Ultimately no human brain, no planet full of human brains, can possibly catalog the dark, expanding ocean of data we spew. In a future of information auto-organized by folksonomy, we may not even have words for the kinds of sorting that will be going on; like mathematical proofs with 30,000 steps, they may be beyond comprehension. But they’ll enable searches that are vast and eerily powerful. We won’t be surfing with search engines any more. We’ll be trawling with engines of meaning.

And the abiding question for me is “who is writing those algorithms?” If we can get to the point where we — the eventual users of these engines — have some say, or at least an insight, into the inner workings of the engines, I would more happily embrace them.

Don Dodge on The Next Big Thing: Interview with Gabe Rivera, founder of Memeorandum

Don Dodge takes on a thankless task, interviewing Gabe Rivera, of memeorandum. Thankless because he gets basically zero out of Gabe, who doesn’t (sensibly) tell any of the algorithmic secrets under the hood, or any of the cool things he is thinking about for the future. We hear him tell us why he thinks the memeorandum approach is better than others, but not much else revelatory. A nice try, though, Don.

[Disclosure: Of course, I had the benefit of spending a few hours with Gabe last week (I made him some eggs, while hanging around at Michael Arrington’s), and so I know there are neat things in the offing.]

Good Works, Bad Works, but Karma doesn’t work

Richard McManus at ZDNet’s Web 2.0 Explorer and Read/Write Web investigates the karma system at Reddit, and wonders if it’s better than Digg’s:

[from » Collaborative filtering: comparing Reddit’s karma system to Digg]

Indeed Reddit’s Alexis Ohanian says that “with reddit, we’re hoping that by focusing on filtering, users will be inclined to vote up links that genuinely interest them”. The Reddit method then is trying to capture that elusive social software principle of getting the user to reward him or herself first and foremost, but actually the system is enhanced at the same time. As Alexis said, “The nice thing about this is that although users are serving themselves by voting to train a personal filter, the by-product of their honesty is that the community gets a more accurate idea of what’s really popular.”

What do you think. Is Reddit’s karma system a better - more honest - way to rank stories and users than Digg’s? Or do you think Digg has the right approach, but just needs to address the groupthink and spam issues that come with scaling to thousands of users?

My strong belief is that these rating/ranking filters are failing at a fundamental level: not because they don’t work, or because they can be gamed, but because they are

  1. closed, and

  2. tightly integrated to a specific solution.
I would like to see an open karma solution that would allow all sorts of applications to share individual’s karma, and to participate in the karma’s change over time.
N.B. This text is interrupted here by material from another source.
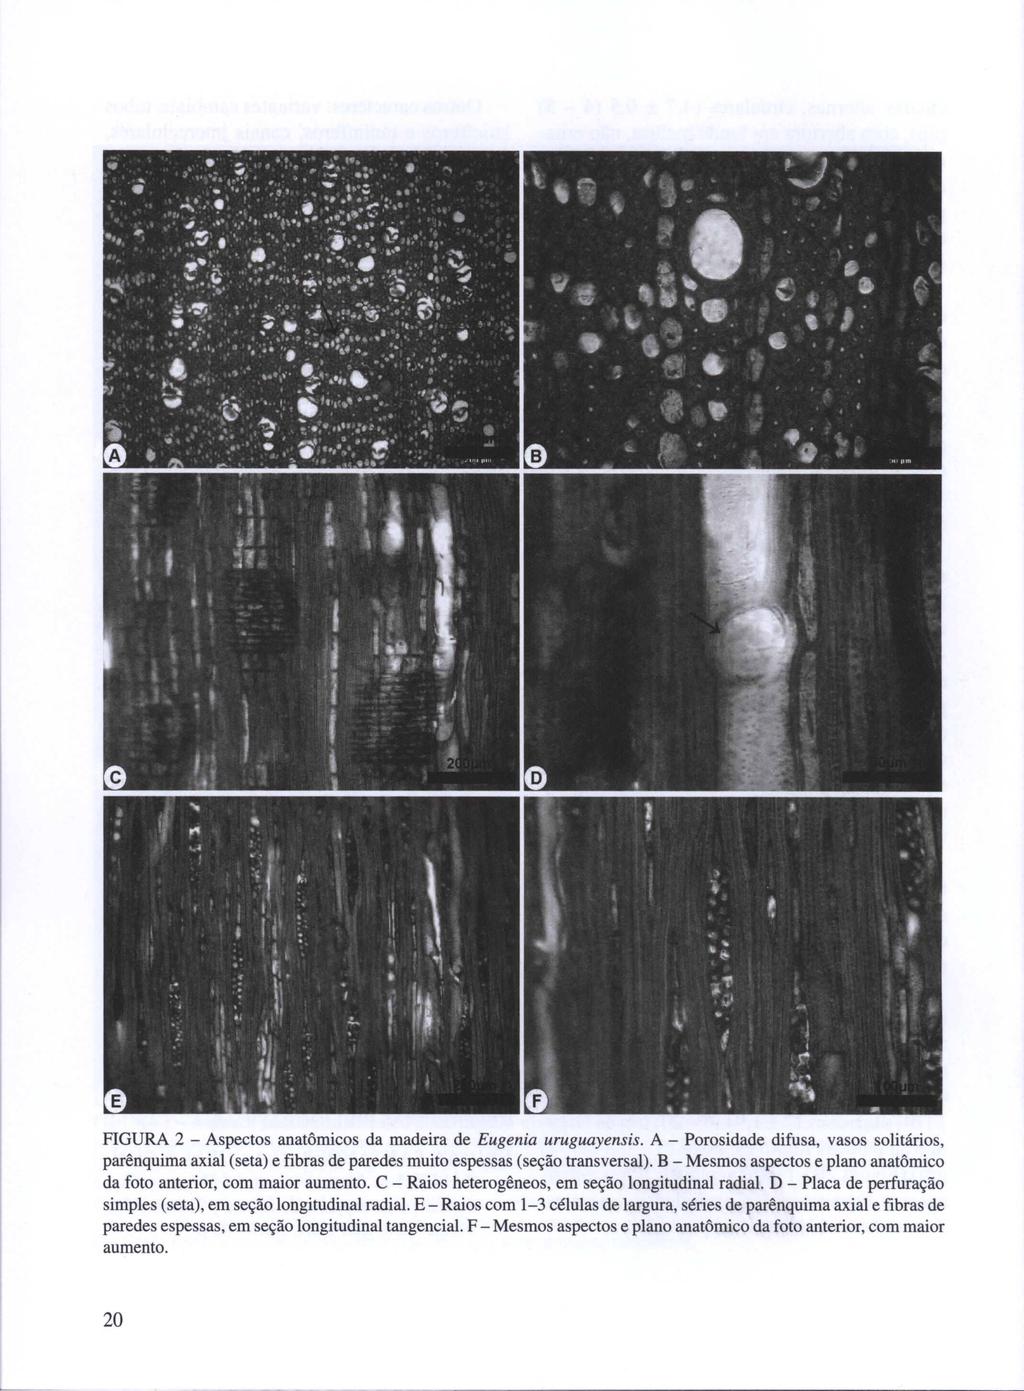 FIGURA 2 - Aspectos anatômicos da madeira de Eugenia uruguayensis. A - Porosidade difusa, vasos solitários, parênquima axial (seta) e fibras de paredes muito espessas (seção transversal).

It’s crazy for us to have 252 karma ratings in 252 different applications!

Each application could influence this foundational karma in dissimilar ways. On one application, say Oyogi, your karma would increase by correcting answering questions directed to you, while Technorati might increase your karma based on the number of inbound links to your blog, and Typepad might increase your karma based on the number of positive comments you receive on your blog.

Since we are in the Web 2.0 era of mash-ups, won’t someone break their karma system out, and set it up in this way, so that we can avoid a fragmented collection of non-interoperable solutions? People who would like to have various, separate identities could still do so, and the solution could support anonymity, but the benefits of a open karma solution, that all could draw upon, is so obvious that I am actually surprised it hasn’t been done already.